How to Optimize Your Ecommerce Store for AI Search (7 Steps)

Written by Leigh McKenzie

More of your customers are using AI to research products before they buy. Are you prepared?
To put this into perspective:
Last year, you might’ve searched “best bed sheets” on Google and scrolled through a few links or a Shopping ad.

This year, you’re asking ChatGPT:
“I sleep hot and have sensitive skin. Can you recommend some breathable bed sheets that won’t irritate me?”
Totally different input. Totally different rules for showing up.
AI Search still cares about the fundamentals — content, crawlability, internal links, and high-quality backlinks. But now, your visibility is influenced by more than just your website.
AI models reflect the full picture:
- What people say about your brand
- Where you’re mentioned
- How your product is reviewed
It’s not just keyword targeting — it’s relevance engineering.
Shoutout to Mike King @ iPullRank for coining this term.
That’s where AI Search Optimization comes in.
In this guide, you’ll learn how to:
- Make your product pages visible and understandable to LLMs
- Structure your data with schema and product feeds
- Submit your catalog to AI search platforms
- Shift from keyword targeting to prompts and personas
- Build an AI-friendly brand presence across the web
- Track your visibility in a probabilistic, answer-first world
The future of ecommerce search isn’t about rankings.

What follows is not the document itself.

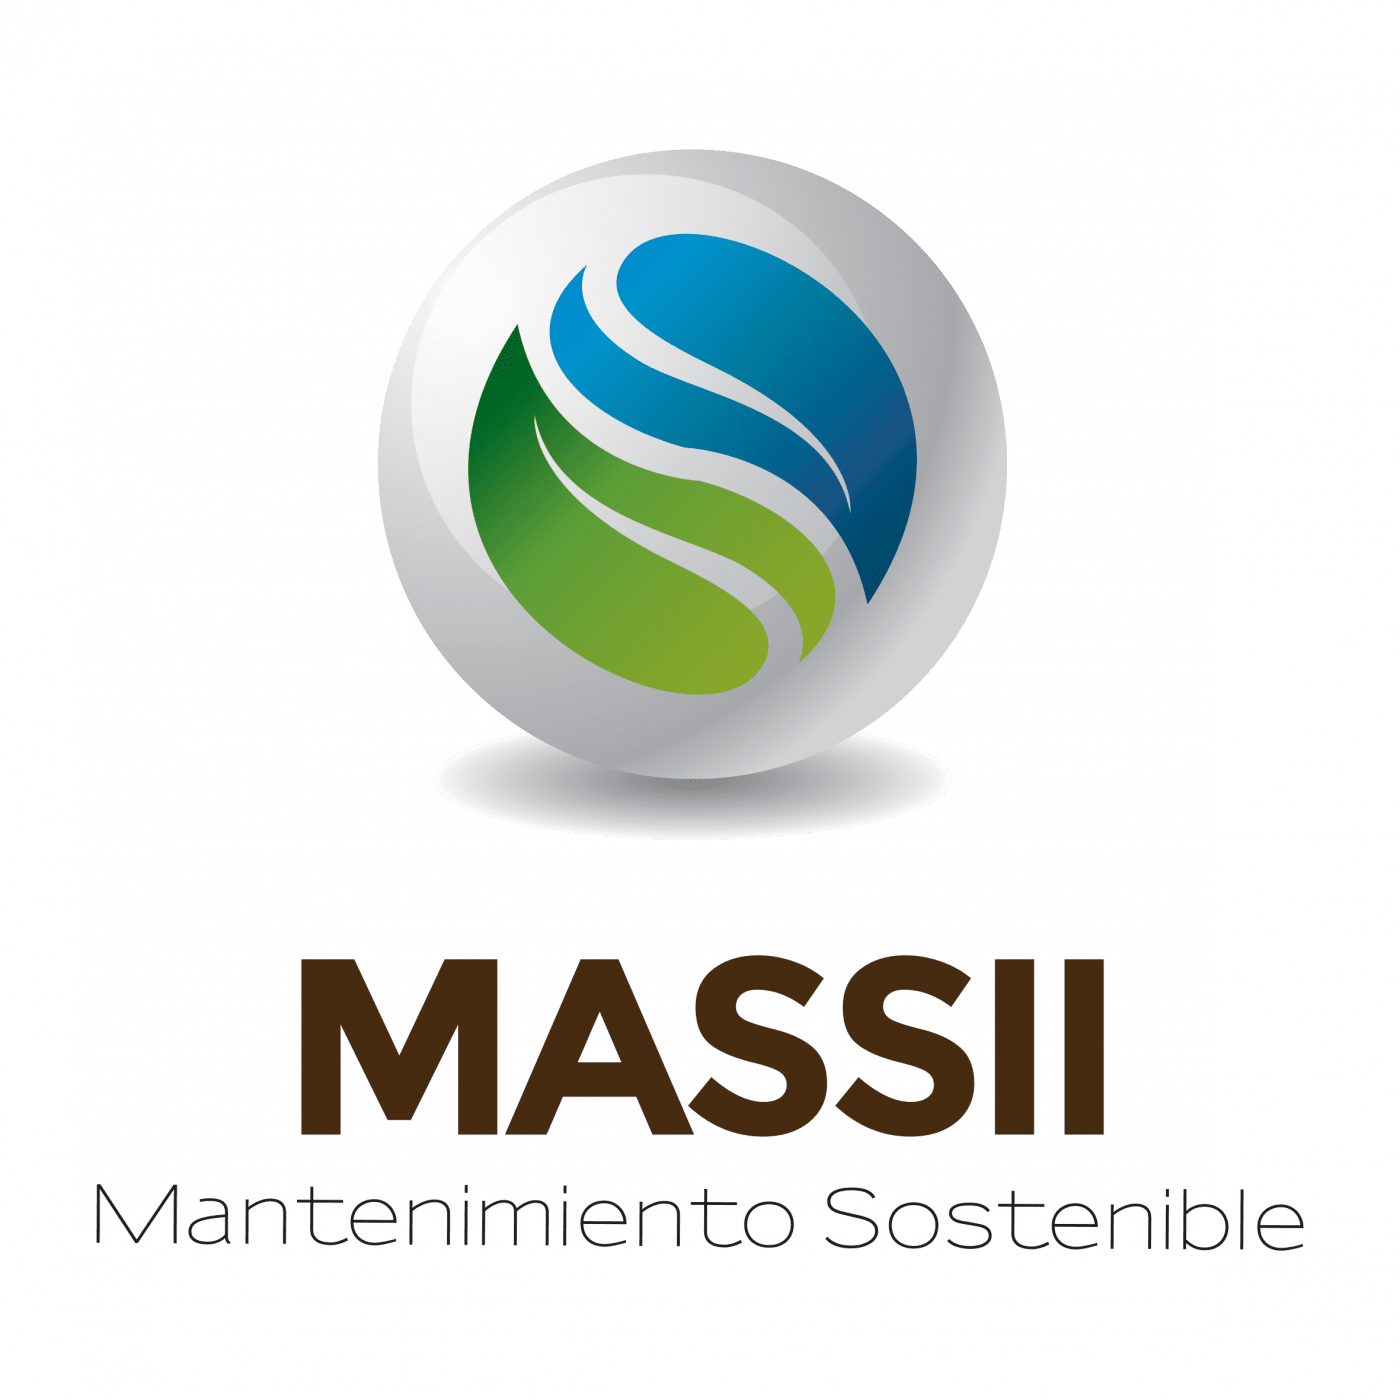 Massii - Mantenimiento Sostenible Integral

It’s about being part of the answer. This guide will show you how.
Step 1: Make Your PDPs Crawlable and Renderable
Before you do anything, start here: can bots actually see your product content?
When people started taking AI tools and chatbots seriously in 2022/23, some site owners turned to blocking their crawlers from accessing their site.
But if you block the crawler, it won’t be able to serve your pages in its responses.
Don’t Block AI Crawlers in Your Robots.txt File
Unless you actively took the step to block them, you shouldn’t need to do anything here. But it’s still worth verifying there are no lines in your robots.txt file like:

User-agent: GPTBot
Disallow: /
Don’t Serve Important Content Using JavaScript
The other aspect of crawlability to consider is how you’re serving your content.
Because right now, bots from the likes of ChatGPT and Perplexity do not appear to process JavaScript (although Google’s Gemini can). If your content is being loaded dynamically, they’re likely missing it completely.
That includes:
- Product descriptions
- Pricing
- Images
- Schema markup
If it’s not in the raw HTML, LLMs like these can’t see it. And if they can’t see it, you won’t show up in AI-generated product recommendations.
To make sure you’re not causing crawling issues here, you first need to understand how your ecommerce platform handles JavaScript. Every platform is different:
- Shopify: Generally fine, but watch out for third-party apps injecting schema or content via JS.
- WooCommerce: Depends heavily on your theme. Many use plugins that load parts of the page with JS.
- Custom stacks: If you’re using React, Vue, or similar frameworks, check whether product pages render server-side or after load.
Next, check your PDPs manually. You can do this by right-clicking and selecting “Inspect” in your browser.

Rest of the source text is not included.